I sat on the grass and rested, was a rough week. About the most I interjected was cleaning off the steps.  I stay out of other photographers ways when they are working.  Previous shoot Susan had, the photographer was a paranoid sob, so I went and shot waterfalls and creeks while they worked.


----------



## morph4me (Jun 12, 2009)

seasoned said:


> Two different sentences, first your work is awesome
> 
> 
> 
> ...


 
Oh, I thought the "Nice job, Bob" was for convincing Susan to marry him. :uhyeah:


----------



## Matthew McMullen (Jun 12, 2009)

Very nice work Shelley I was there and the pictures even look better than when they were being taken


----------



## ShelleyK (Jun 12, 2009)

:O you were there??? When?? Where??


----------



## Bob Hubbard (Jun 12, 2009)

Matthew McMullen said:


> Very nice work Shelley I was there and the pictures even look better than when they were being taken


Wrong shoot.  These were shot last week.


----------



## Bob Hubbard (Jun 12, 2009)

ShelleyK said:


> :O you were there??? When?? Where??


Matt's a master of disguise.


----------



## Tensei85 (Jun 12, 2009)

Awesome photos! Your portfolio really looks like a masterpiece! For what its worth coming from an average Joe I'm impressed. Keep up the great artwork.


----------



## Tensei85 (Jun 12, 2009)

P.s.
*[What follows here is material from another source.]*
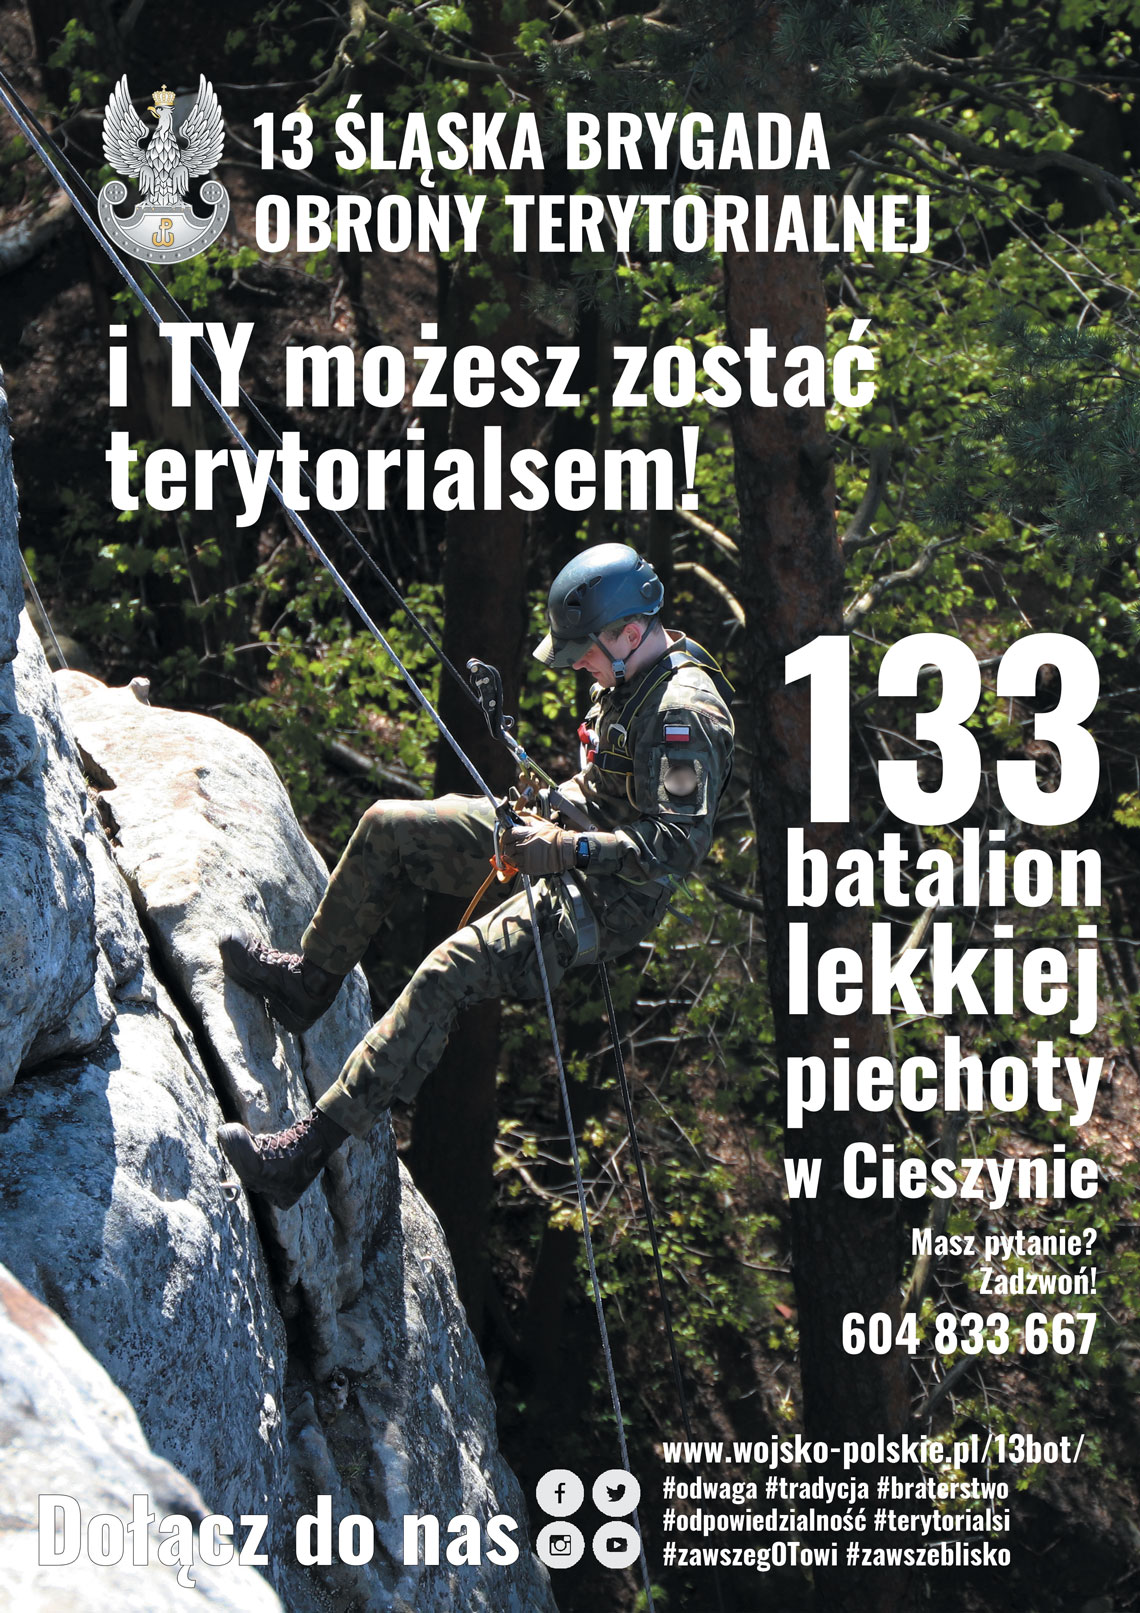 Nabór do 13 Śląskiej Brygady Obrony Terytorialnej

I like the last shot the best, all the rest were great though.


----------



## Tensei85 (Jun 12, 2009)

P.s.s. (last post...) Congrats Bob, wishing you all the best in the now and the future to come 
: )


----------



## ShelleyK (Jun 13, 2009)

Bob Hubbard said:


> Wrong shoot.  These were shot last week.


Thanks Bob!  i was like ...where the heck was he hiding!  Im usually pretty good at being aware of my surroundings LOL


----------



## ShelleyK (Jun 13, 2009)

Tensei85 said:


> Awesome photos! Your portfolio really looks like a masterpiece! For what its worth coming from an average Joe I'm impressed. Keep up the great artwork.



Thank you very much!!


----------



## Drac (Jun 15, 2009)

*excellent  *


----------